_Raw data_
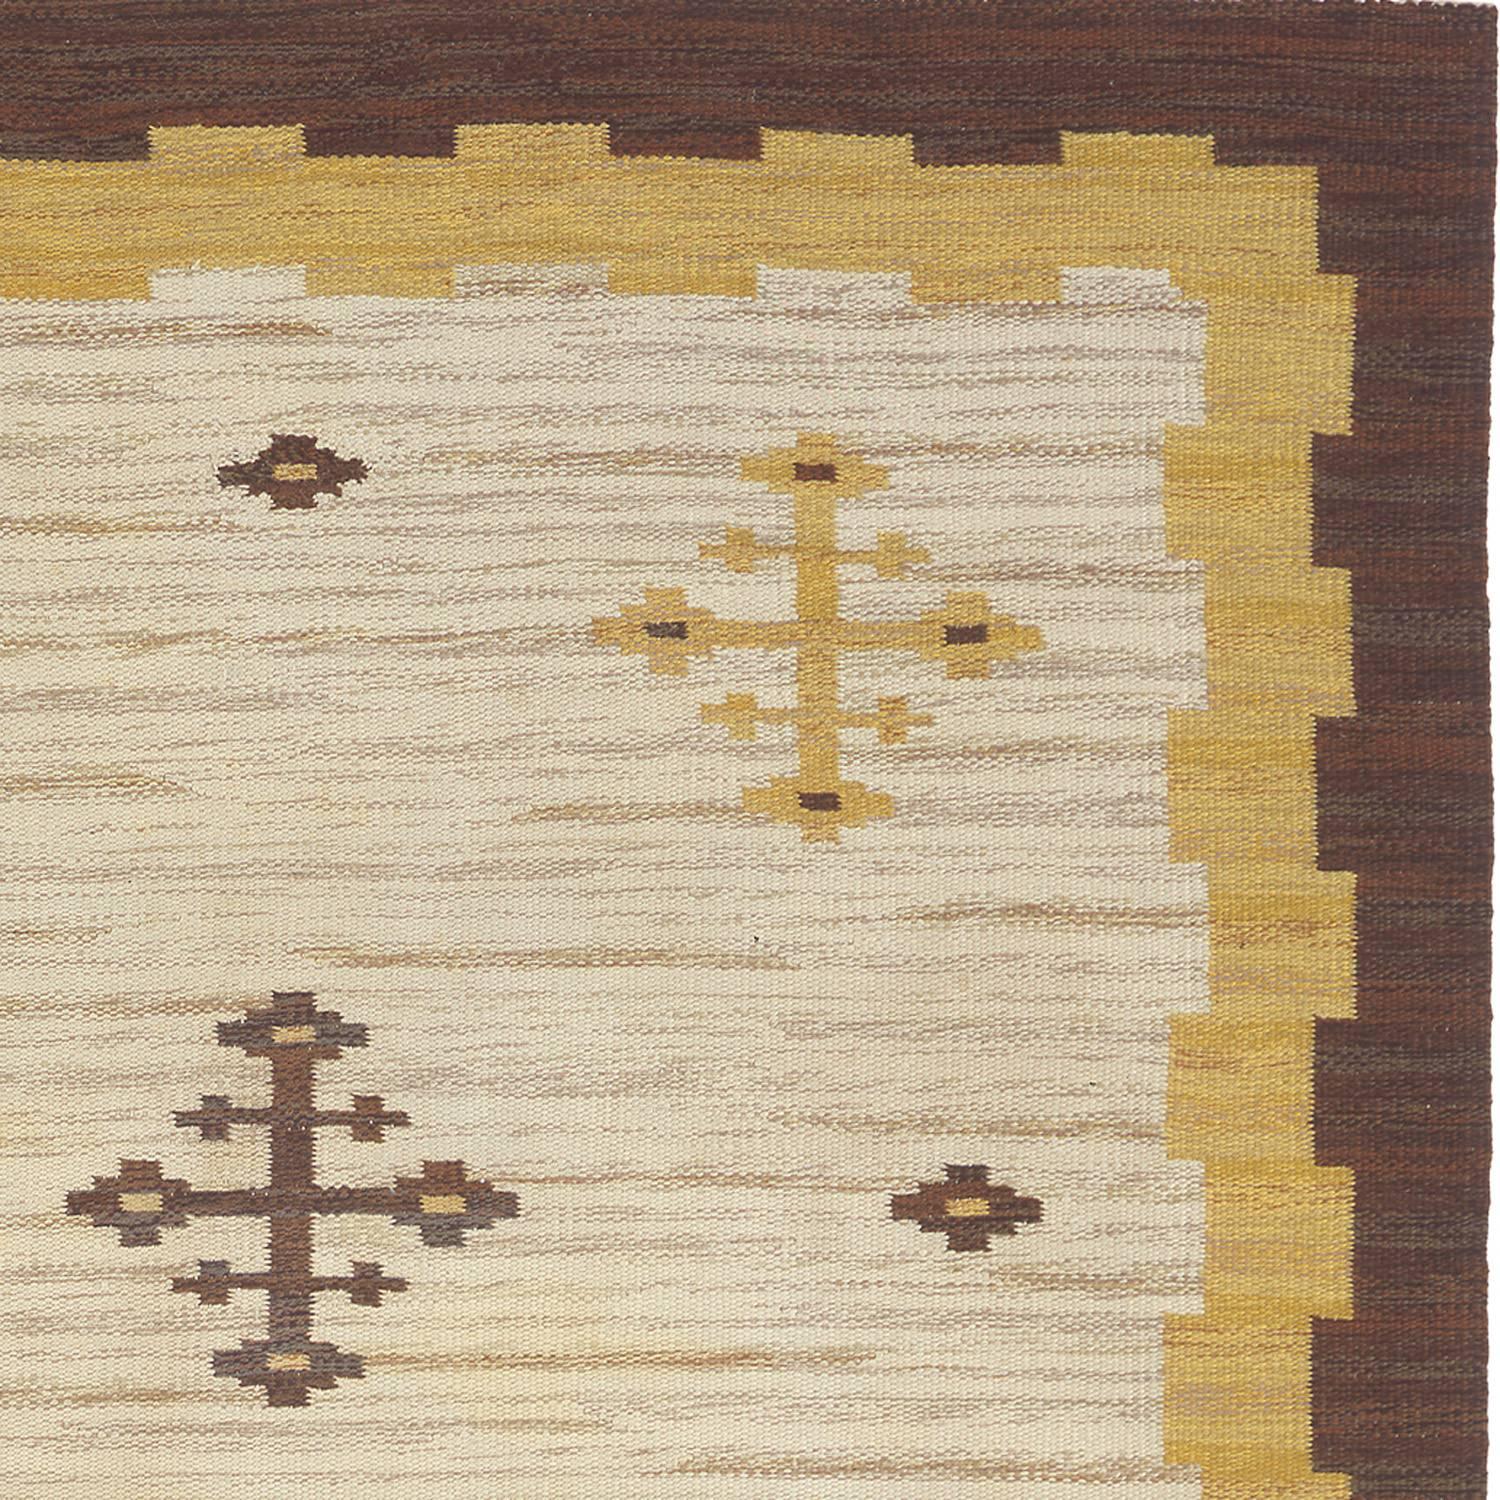 Early-20th century Swedish flat-weave carpet, initialed 
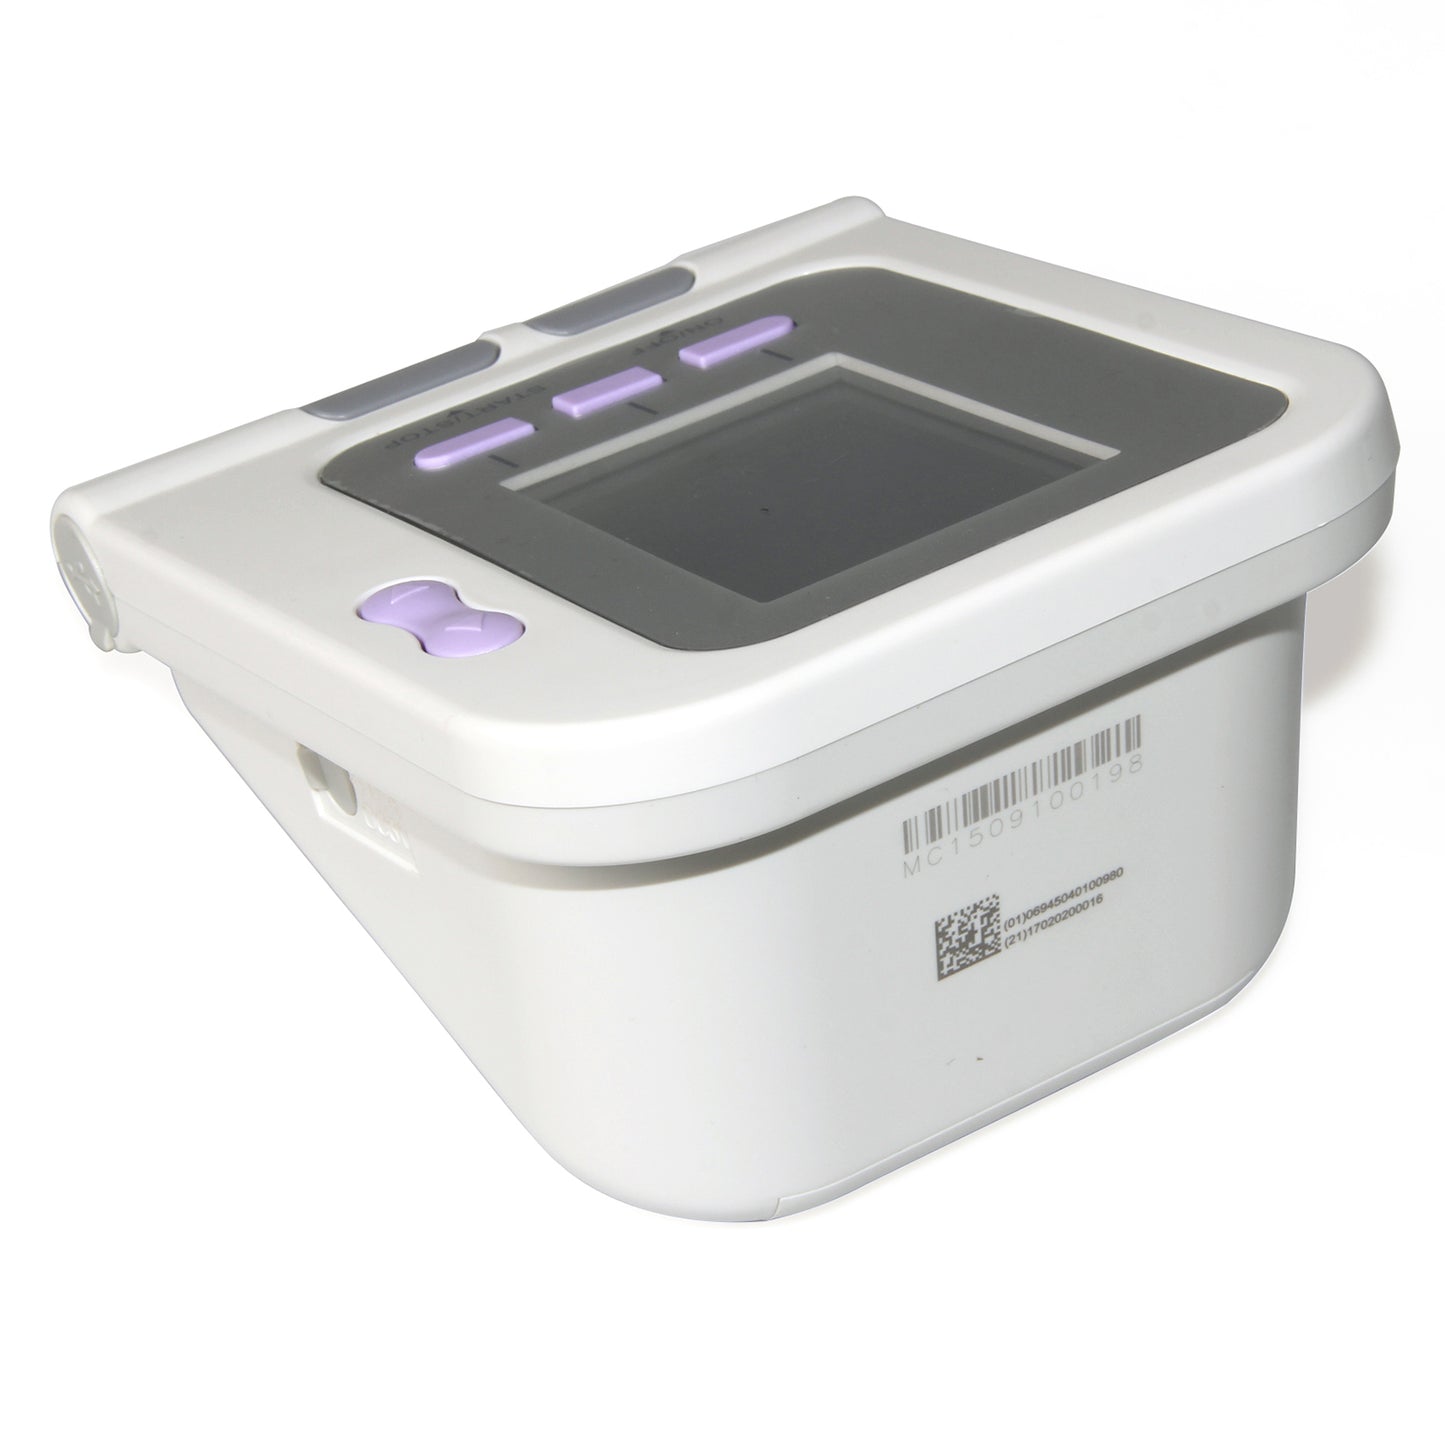 CONTEC08A VET Digital Veterinary Blood Pressure Monitor NIBP SP02 PC Software Dog Cat - MediaEclat.store
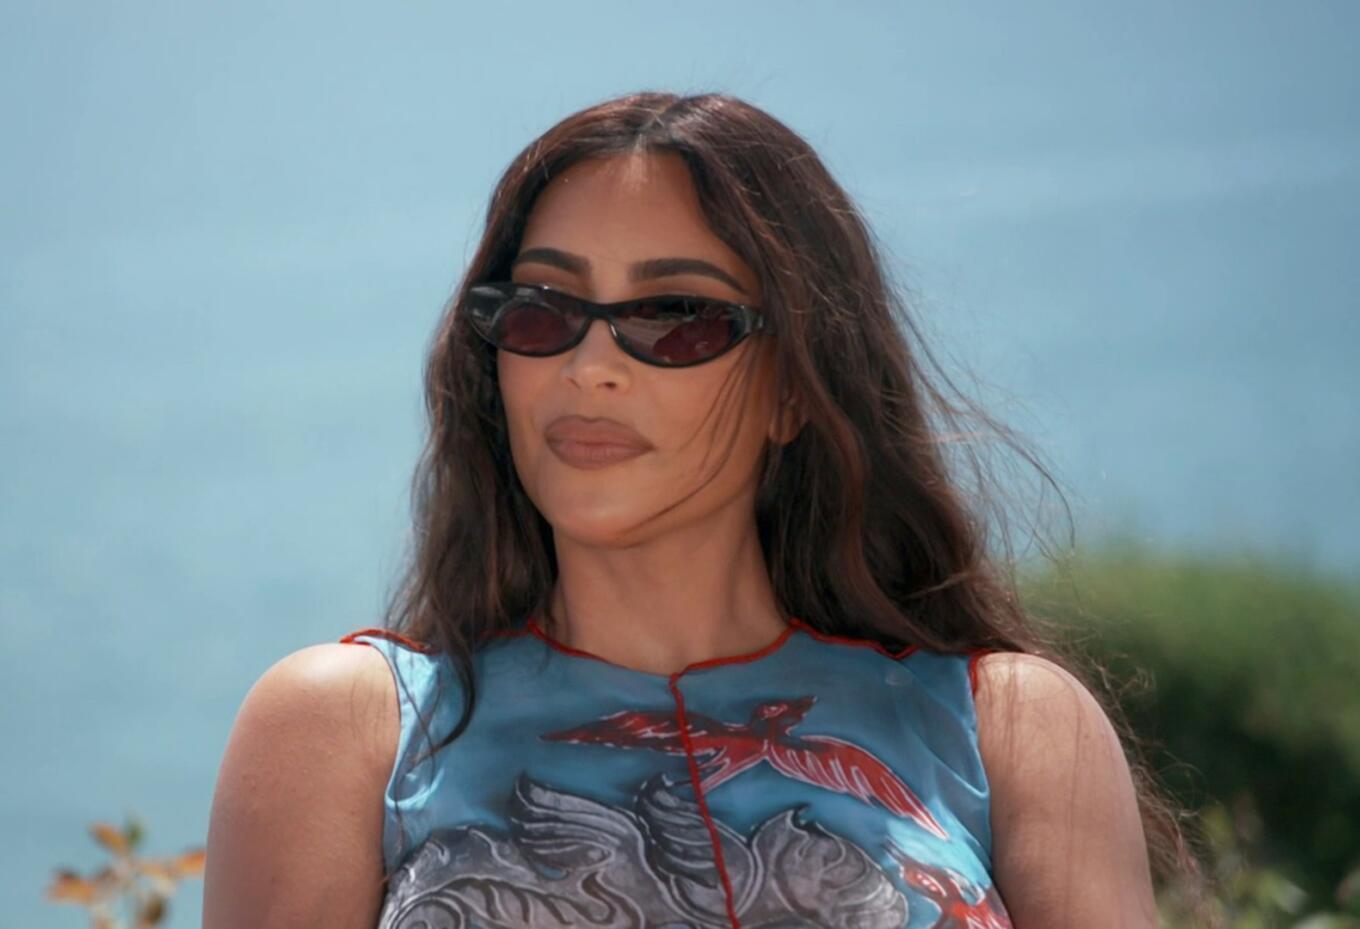 Kim Kardashian - Keeping Up With The Kardashians | Season 20 Episode 5 | Khloe Kardashian style

_Problem details_
Pictures are not part of the copy; retype all the other material exactly.

_Answer_
 Early-20th century Swedish flat-weave carpet, initialed 
 CONTEC08A VET Digital Veterinary Blood Pressure Monitor NIBP SP02 PC Software Dog Cat - MediaEclat.store
 Kim Kardashian - Keeping Up With The Kardashians | Season 20 Episode 5 | Khloe Kardashian style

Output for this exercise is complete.